**Exercise data**
[Start of section]
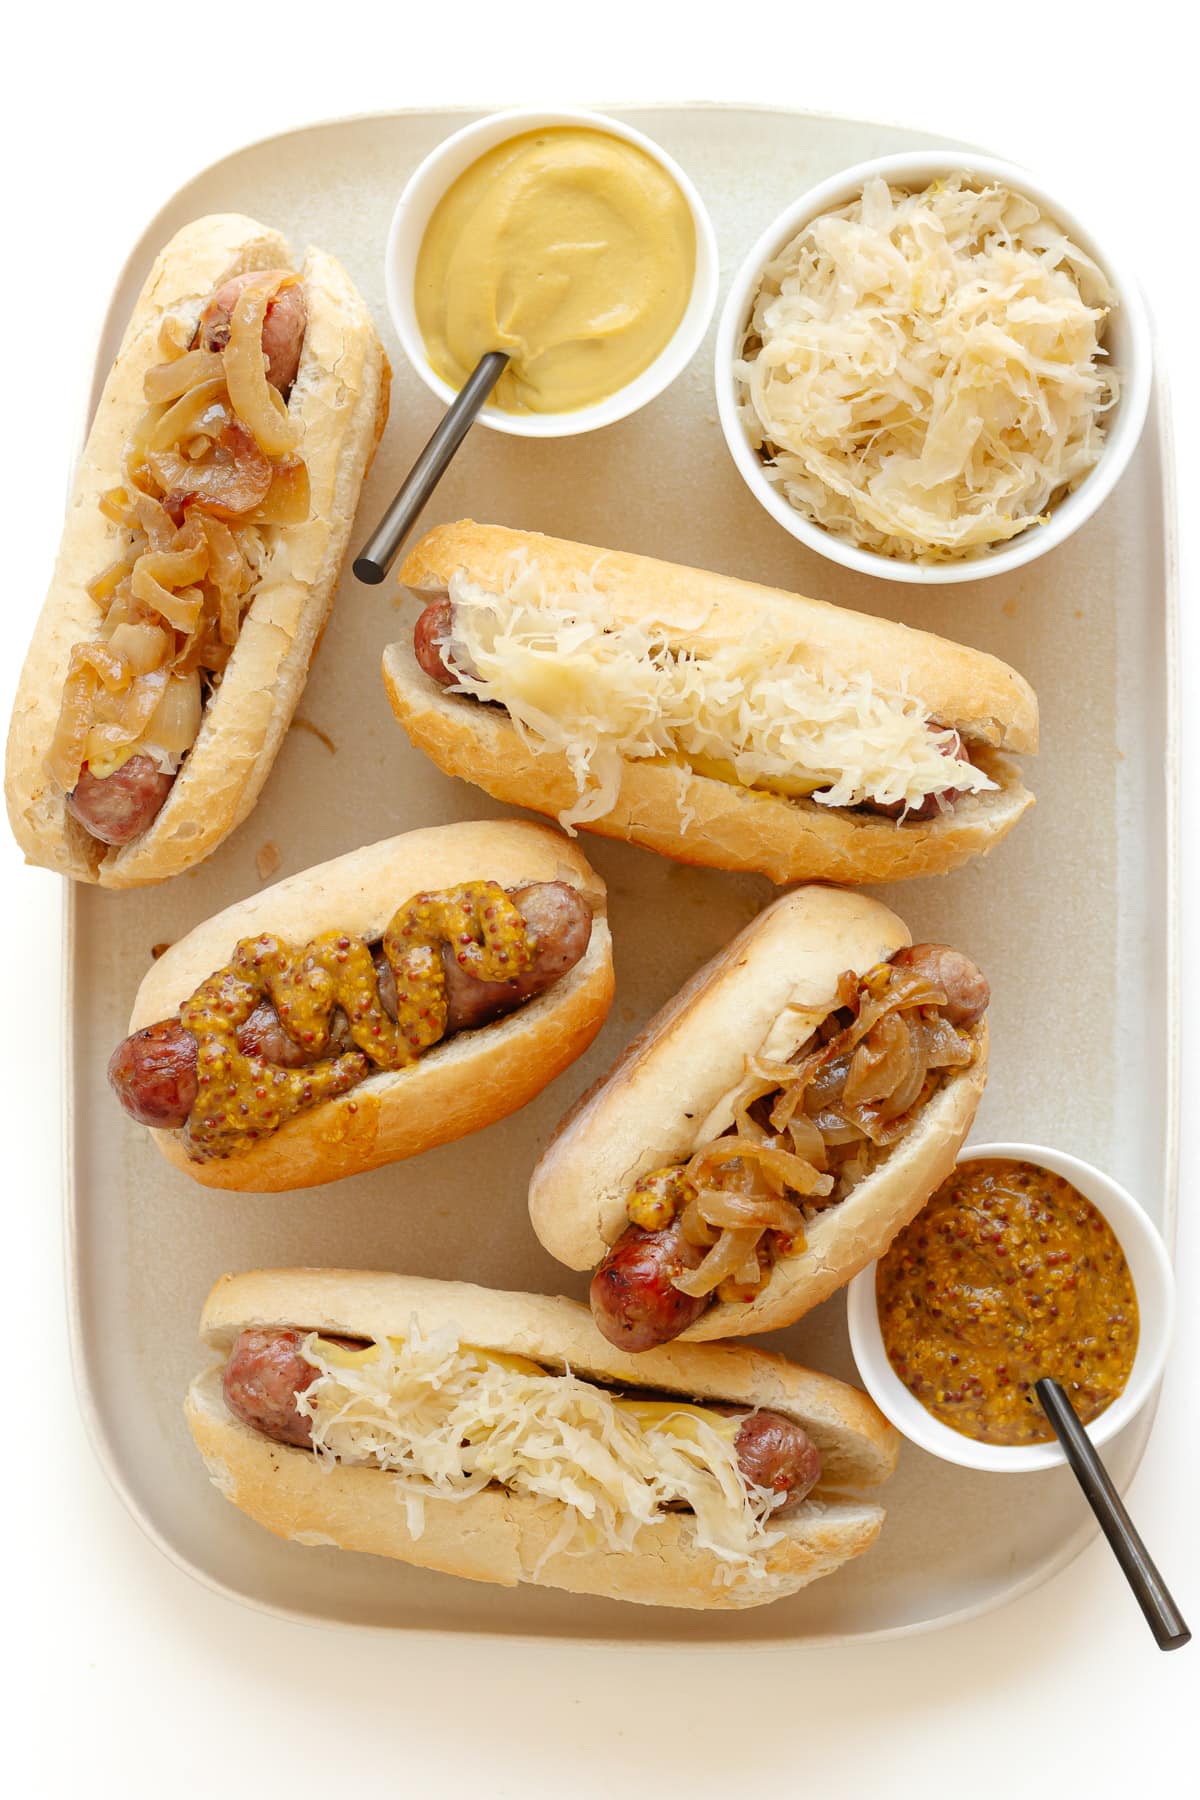 Platter of bratwurst in buns with various toppings.
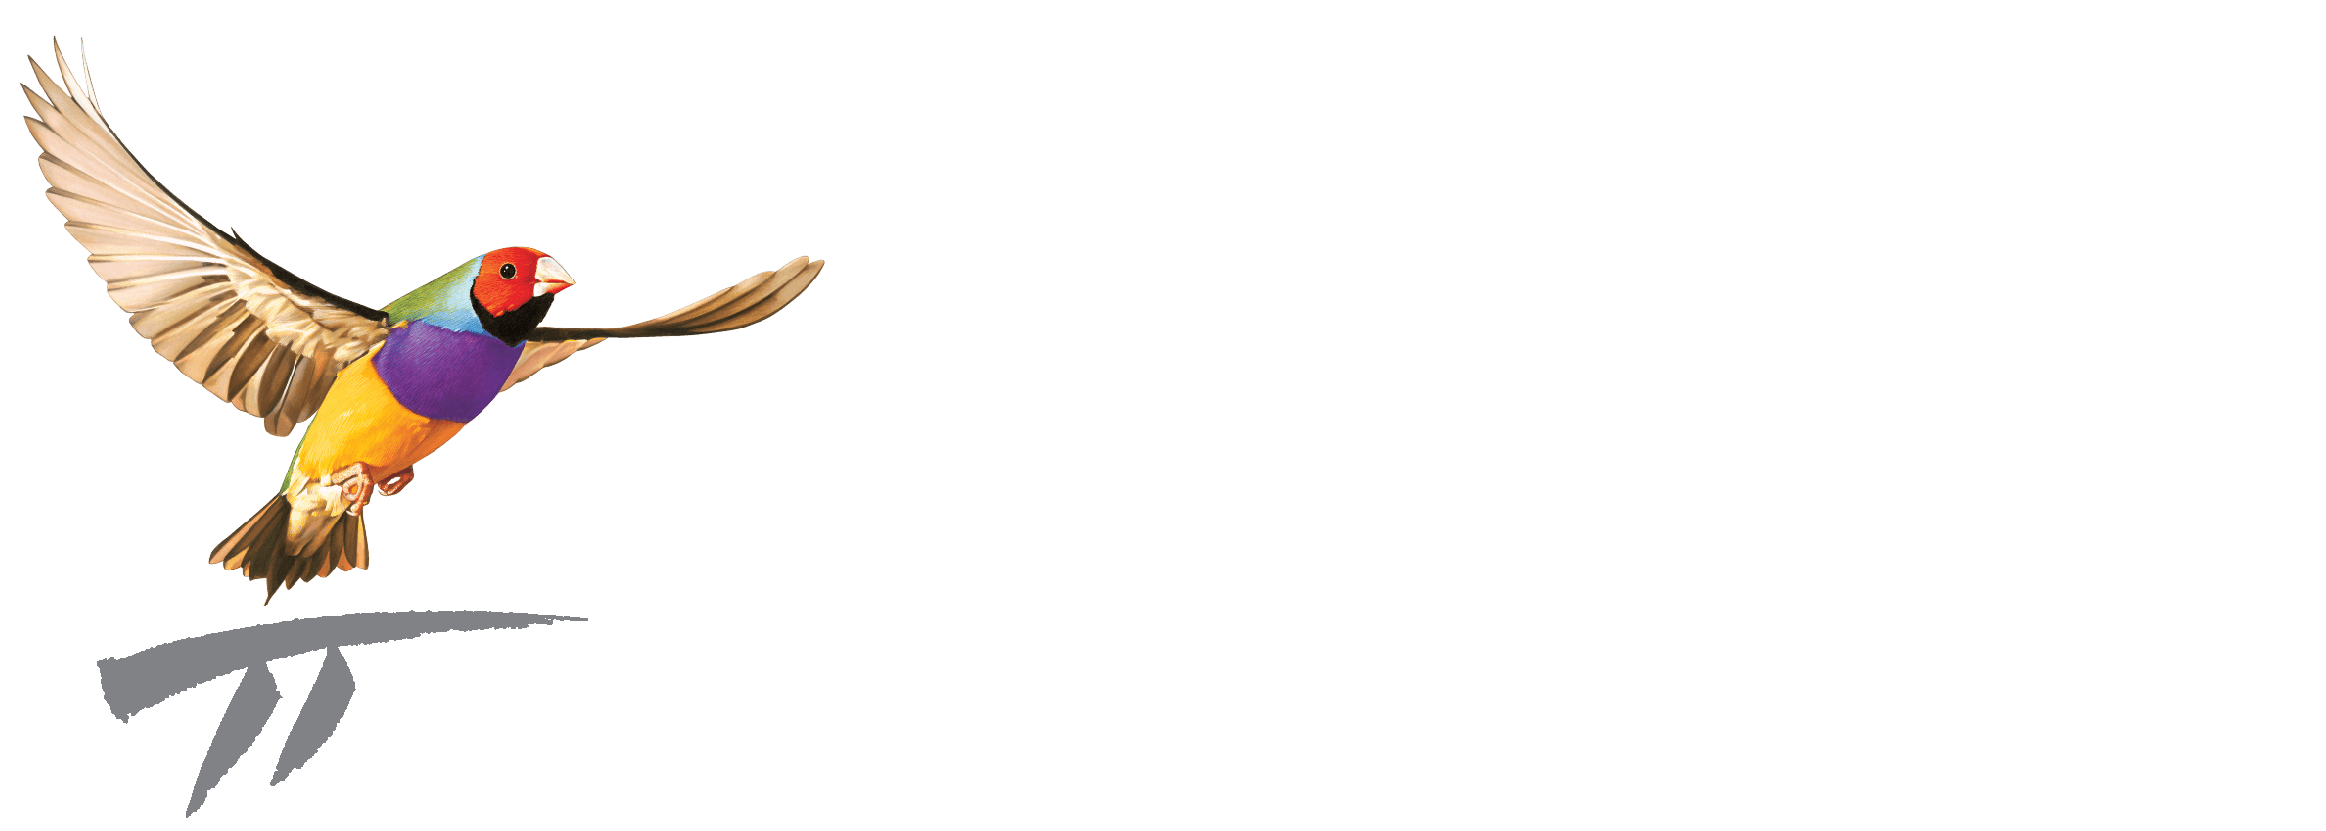 BestPractice_Logo_Large - White with Transparent Background
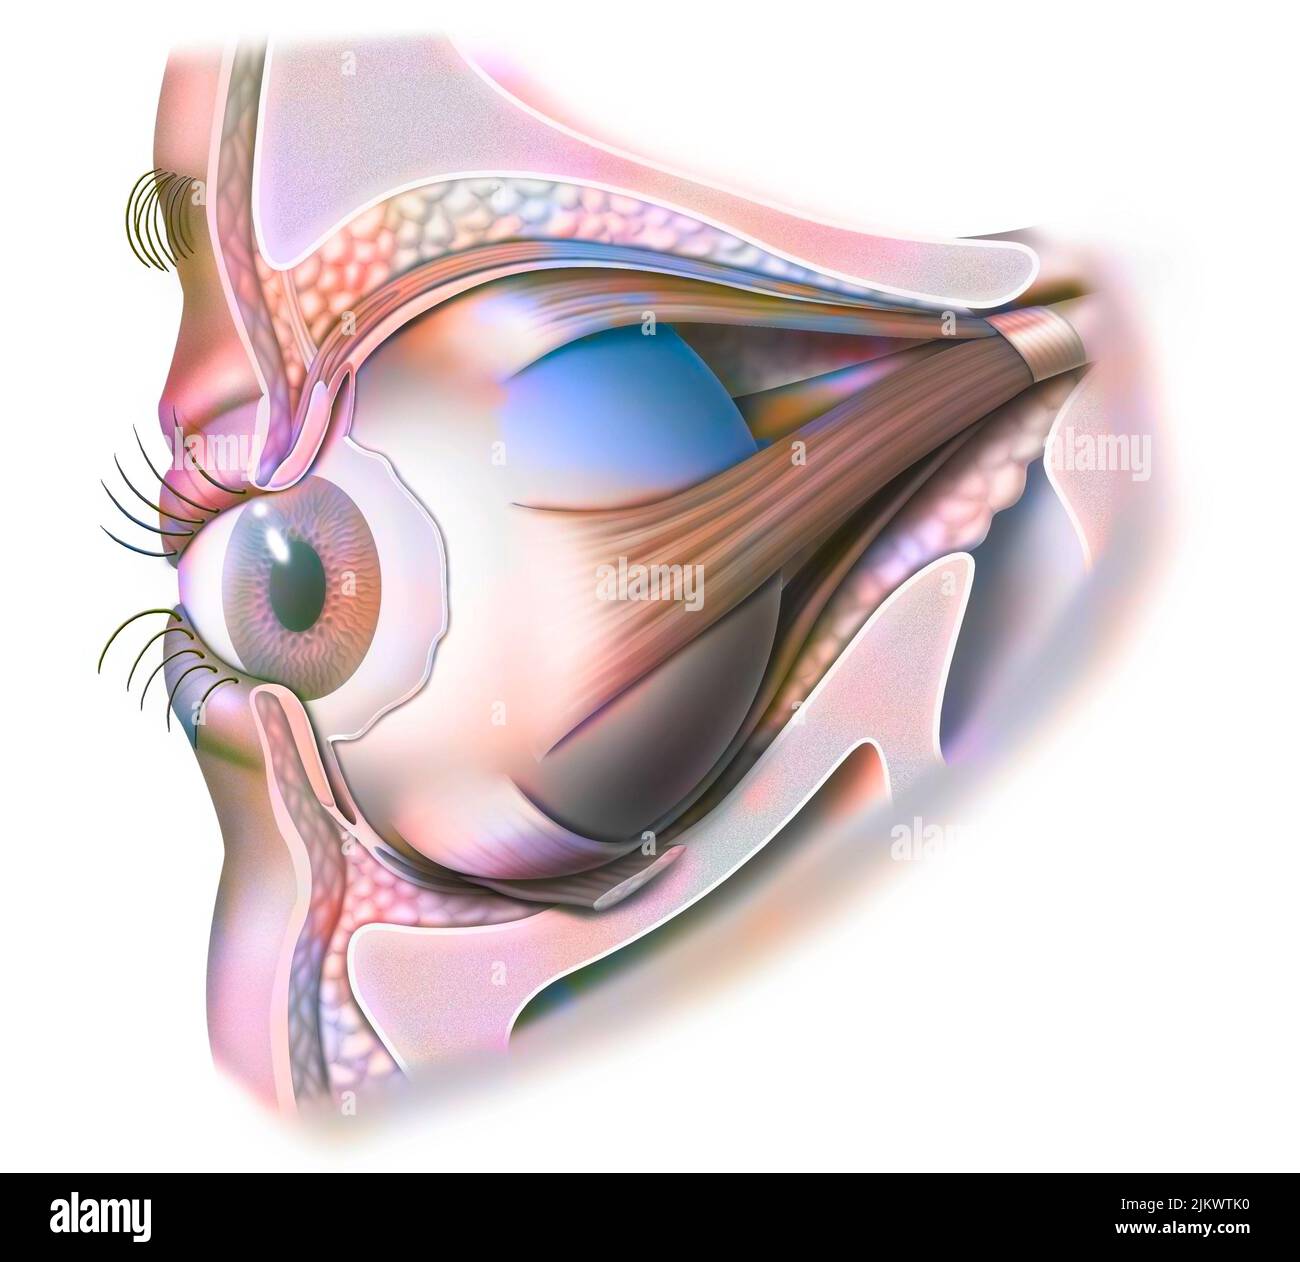 Anatomy of the eye and eyelid (viewed from 3/4) with iris, pupil. Stock Photo
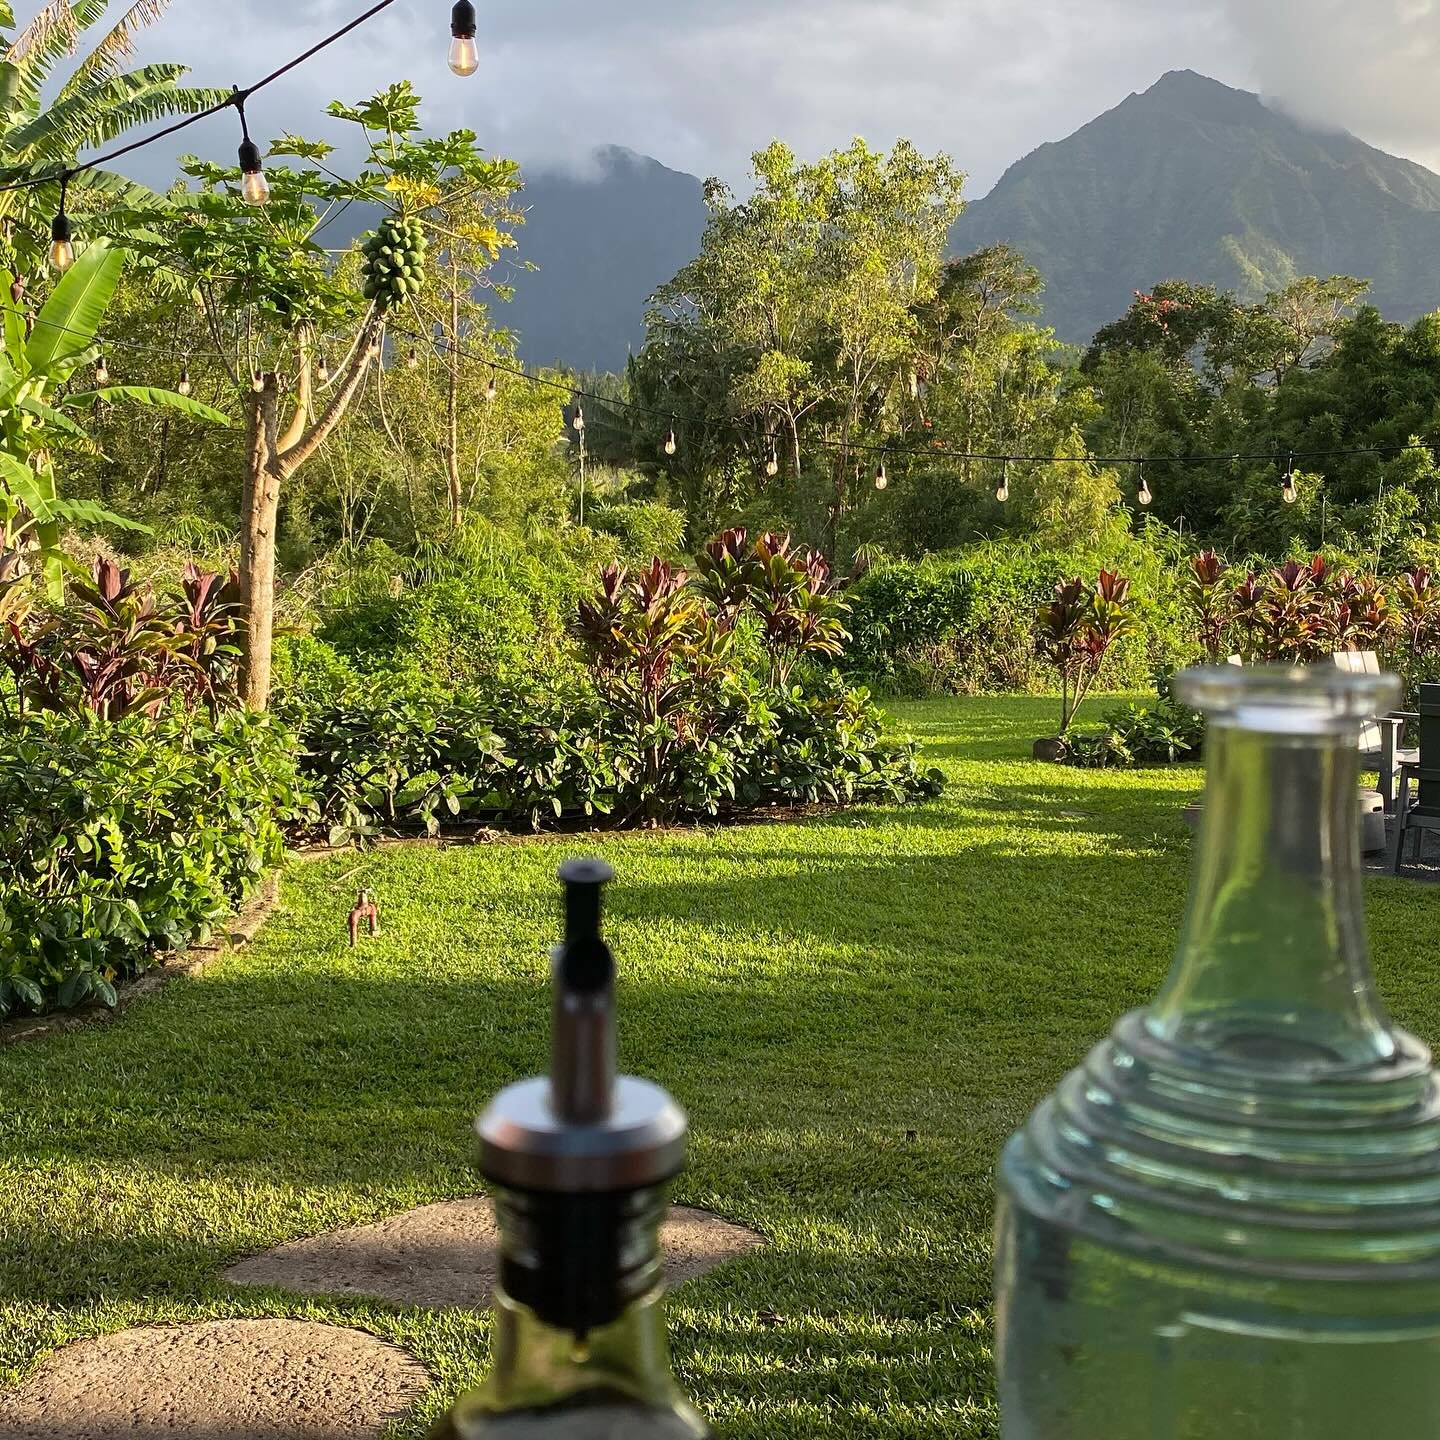 OUR VIEW at dinner last night. This is what we had the delight of looking at throughout our meal at Ama Restaurant in Hanalei, Kauai. Stunning flavors in a gorgeous setting. We&rsquo;ll be going back for more.
[End of section]
Write out again, word for word, the lines from the one holding "Anatomy of the" through the final line of the listing, including both ends but no pictures.

 Anatomy of the eye and eyelid (viewed from 3/4) with iris, pupil. Stock Photo
 OUR VIEW at dinner last night. This is what we had the delight of looking at throughout our meal at Ama Restaurant in Hanalei, Kauai. Stunning flavors in a gorgeous setting. We&rsquo;ll be going back for more.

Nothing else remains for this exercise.